Calgary Herald letters, July 18: We never get due credit

Alberta is under the climate change microscope always and Alberta never gets the credit or the “credits” for providing natural gas to other provinces for heating.

Eastern Canada receives our natural gas every day to assist in residential/commercial heating and some power generation. Quebec has hydro, the ‘enviro-friendly’ energy source, and Ontario has nuclear, the ’scary not in my backyard’ super-generator and yet both need to rely heavily on Alberta’s natural gas to meet their energy needs.

If carbon credits are seen as a viable method of offsetting/mitigating/reducing carbon footprints should Alberta receive credits from our daily deliveries of natural gas to Eastern Canada? Of course, we should! Oh, maybe from the U.S. also! 
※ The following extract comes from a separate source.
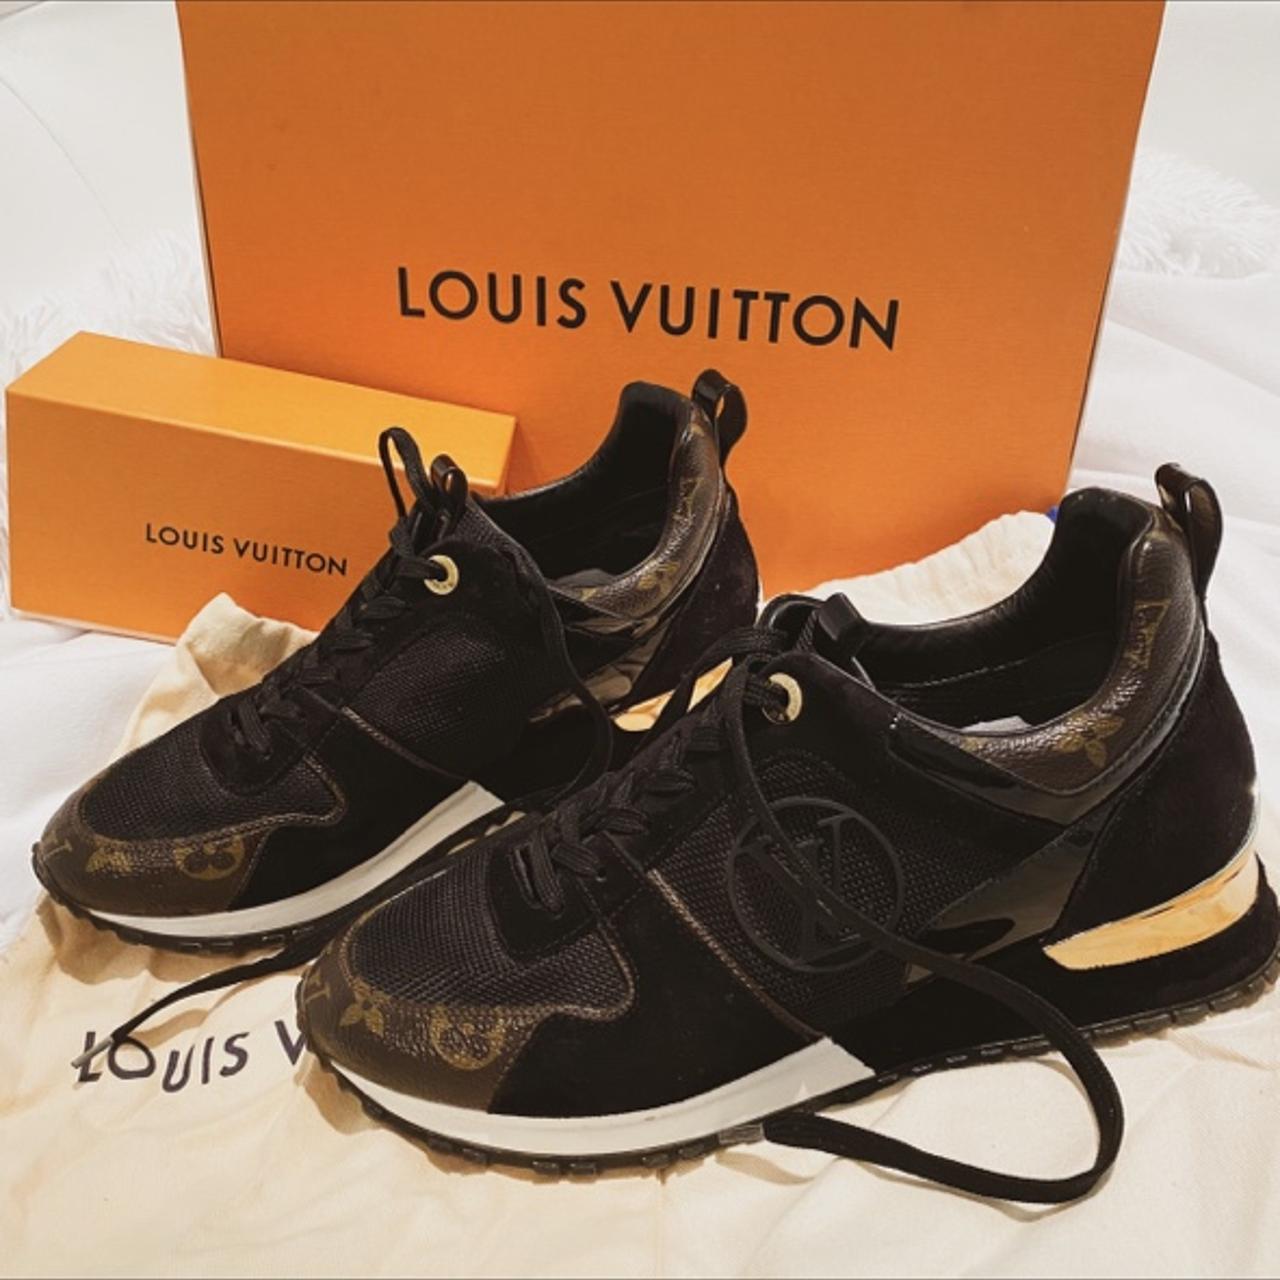 Louis vuitton run away sneaker black size 38

Brian McConaghy, Foothills County

Trumped out

Thank you for not putting a story of the Trump shooting on the front page of the Calgary Herald. I never thought I would be happy to see a story about water restrictions as a cover story but after being inundated all weekend with stories, conspiracy theories and talking head analysis, I was very happy to read that half of Albertans still feel they give more to Canada than it gets.

Rob Butler, Calgary

Does the City of Calgary want to kill our lawns?

As a homeowner and owner of a few rental properties, I was thinking the City would get this water system malfunction under control before it caused irreparable damage to lawns. When we got a few weeks of intermittent rain, I was relieved, thinking this would tied us over until they fixed it. With the hot weather now here, I am again worried about the future of our lawns. I have also heard it could be September before they move us out of Stage 3 water restrictions.

Meanwhile, Stampede went off without a problem. Pools and spray parks are open. I even saw the city watering trees. I am starting to wonder if our mayor and council want all of our lawns to die. Perhaps they are setting the stage for future ongoing exterior water reductions? Given how they forced the new rezoning laws on us, I am highly suspicious that isn’t another one of their manipulative plans. Time will tell.

Karen Hope, Calgary

Wishing and hoping and no real solutions

Here’s an idea: Since the city no longer cuts the grass along the roads before it is two feet tall, they should plant hay (I hear there’s a drought variety), bale it up in the fall and sell it. The profits could go to replacing the failed water lines. They could use all the BS from City Hall to fertilize the hay.

Water limits until September? What happens next spring? More limits and a lot of dead trees, that’s their idea of a solution?

We need real leaders who look after the city first, not pie-in-the-blue-sky wish lists.